Но еще важнее было то, что после первых зубов, в конце первого года моей жизни, я встал на ноги и начал ходить. Правда, я должен признаться, что вначале ходил на четвереньках. Говорят, что прежде чем встать на ноги, надо сначала научиться ползать на четвереньках, или, другими словами, чтобы в будущем человек мог выпрямиться, ему сначала нужно поползать, подобно тому как прежде чем прыгнуть, нужно присесть. Я не знаю, может быть ползанье, которым человек начинает свой жизненный путь, действительно представляет собой известную тренировку для будущей жизни, или, может быть, так уж определено судьбой, что человек в пору, когда он еще не умеет притворяться, когда он больше всего похож на человека, входит в жизнь на четвереньках?

Лишь только я начал ходить, как меня подвергли традиционному экзамену. Есть у нас такой замечательный обычай. Над головой ребенка, начинающего ходить, разламывают лепешку, но перед этим на нее кладут разные предметы и подсовывают ее ребенку, предоставляя ему полную свободу выбора. При этом считают так: за что схватится ребенок, в том и есть его призвание. На лепешке, которую положили передо мной, были книга, монета, перо и ключ, символизирующие науку, богатство, литературу и домашний очаг. Разумеется, я прежде всего бросил взгляд на монету и, надо вам сказать, что и до сих пор я не изменил своих вкусов. Но пока я ковылял к тарелке, чтобы взять монету, какая-то магическая сила унесла ее с лепешки. Искали ее, искали, да так и не нашли. И только позднее выяснилось, что в тот момент, когда я направился к лепешке и внимание всех было обращено на мои подвиги, мой старший брат стащил монету, хотя не имел на это никакого права, поскольку он давно научился ходить.

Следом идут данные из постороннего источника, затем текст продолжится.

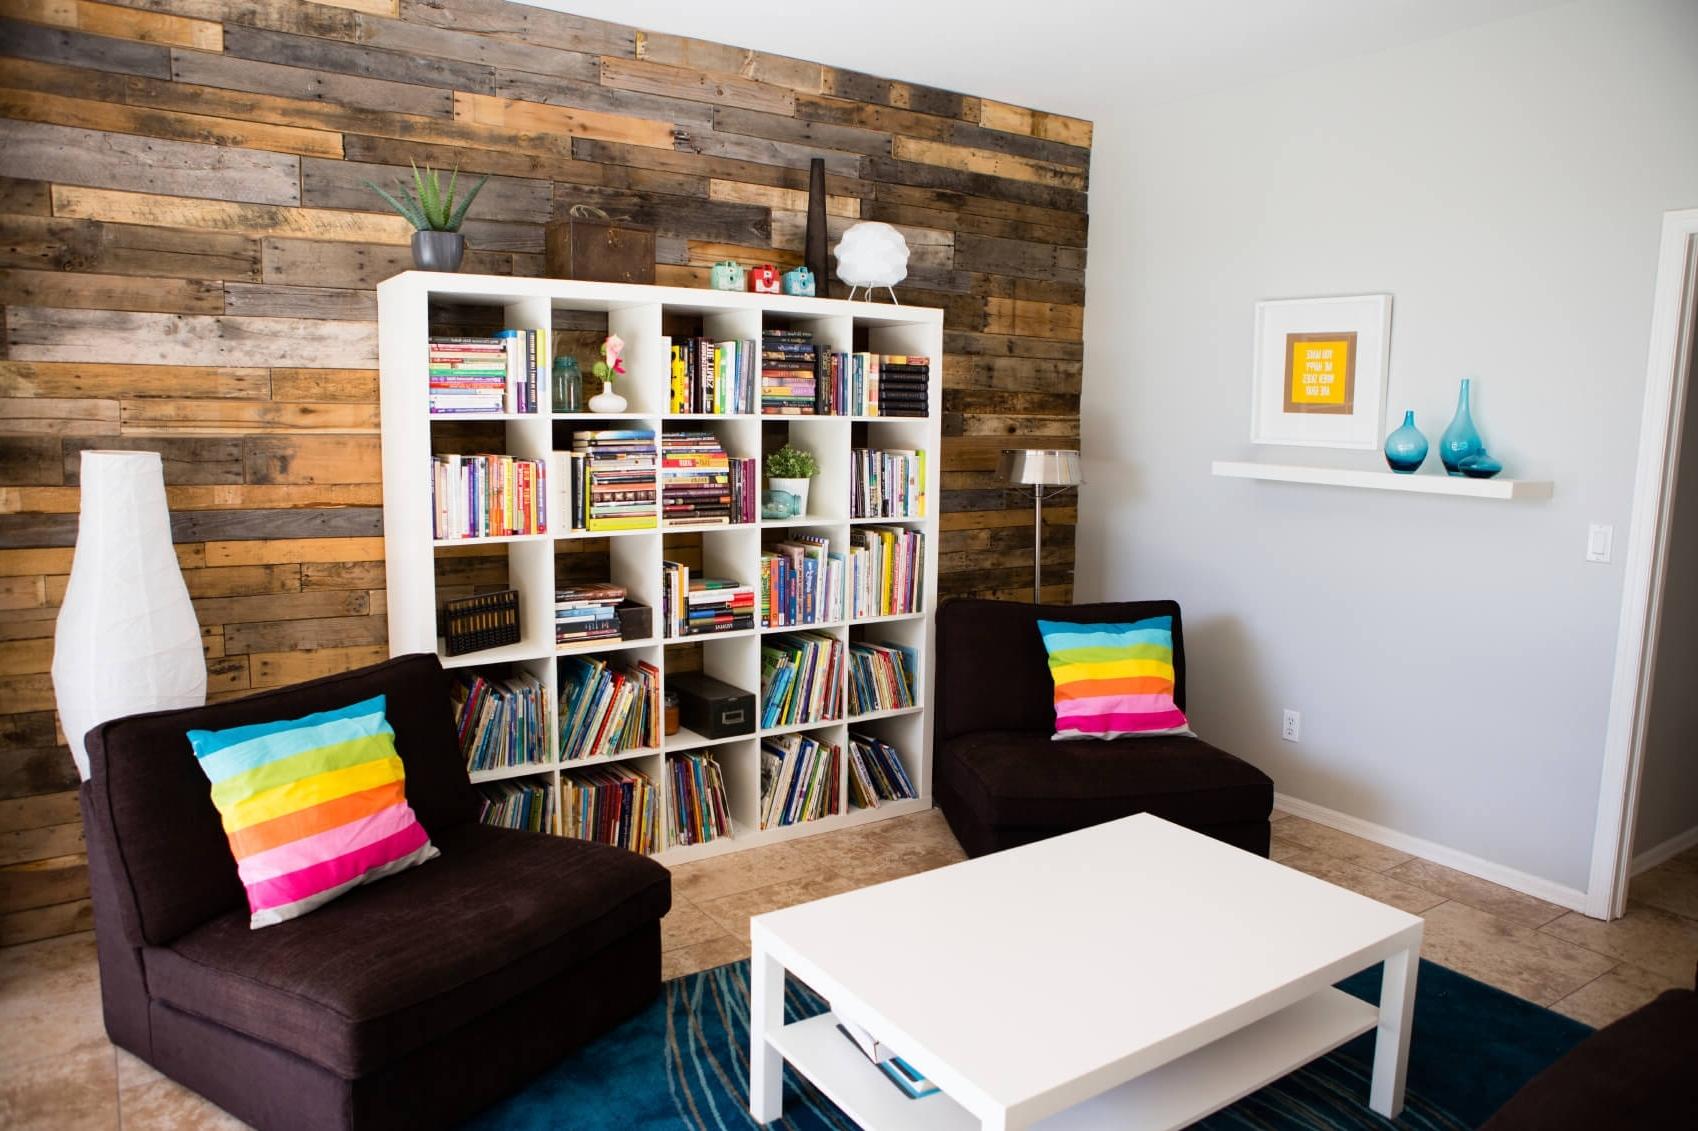 Whole Wall Bookshelves Regarding Famous Bookshelf For Wall Wall To Wall Bookcase Units Whole Wall (View 13 of 15)

Пришлось положить другую монету, ибо я поднял такой страшный визг, как будто кто-то опротестовал мой вексель. Предсказания, связанные с этой сценой, действительно сбылись в моей жизни: с раннего детства и до сих пор стоит мне протянуть руку к деньгам, как они бесследно исчезают.

Самый интересный период человеческой жизни начинается с момента, когда ребенок делает первый шаг, и кончается тогда, когда на него надевают штаны. В этот период человек не принадлежит ни к мужскому, ни к женскому роду, и наша грамматика великодушно предоставляет ему убежище в особом, среднем, роде, чего не додумались сделать грамматики многих больших и культурных народов. Главные признаки этого грамматического рода следующие: а) существительные этого рода могут быть заменены местоимением «оно», б) существительные этого рода независимо от пола носят юбки и в) существительные этого рода называются обычно такими, боже спаси и помилуй, именами, что по ним невозможно определить, кто мальчик, а кто девочка. К таким именам относятся, например: Дуду, Биби, Лулу, Лили, Попо, Цоцо, Коко и тому подобные.

Не помню, как звали меня, когда я был в среднем роде, но могу вам сказать, что в юбочке я чувствовал себя прекрасно и так привык к ней, что позднее, когда я вырос, юбка уже не могла меня смутить. А главное, может быть, отчасти и под влиянием ошибки, допущенной повитухой, чтобы еще больше увеличить неразбериху, которую средний род вносит в вопрос различия полов, я и сам долгое время верил, что я — девочка. Из этого заблуждения меня вывело одно существо, которое звали Лулу. Как Лулу дошло до такого открытия, я и сейчас не могу сказать; помню только, что однажды Лулу шепнуло мне: «Ты мужчина!» — и мне вдруг стало так стыдно, что я готов был провалиться сквозь землю. И долго еще после этого, если мне приходилось встречаться с Лулу, я, сам не зная почему, стыдился того, что я мужчина.

Говорят, что в старости в человеке вновь просыпаются далекие ощущения детства, и чем больше он стареет, тем чаще они к нему возвращаются. До некоторой степени я вижу это по себе, именно в отношении ощущений. Бывает, например, что и сейчас, как когда-то в детстве, меня вдруг охватывает жгучий стыд за то, что я мужчина.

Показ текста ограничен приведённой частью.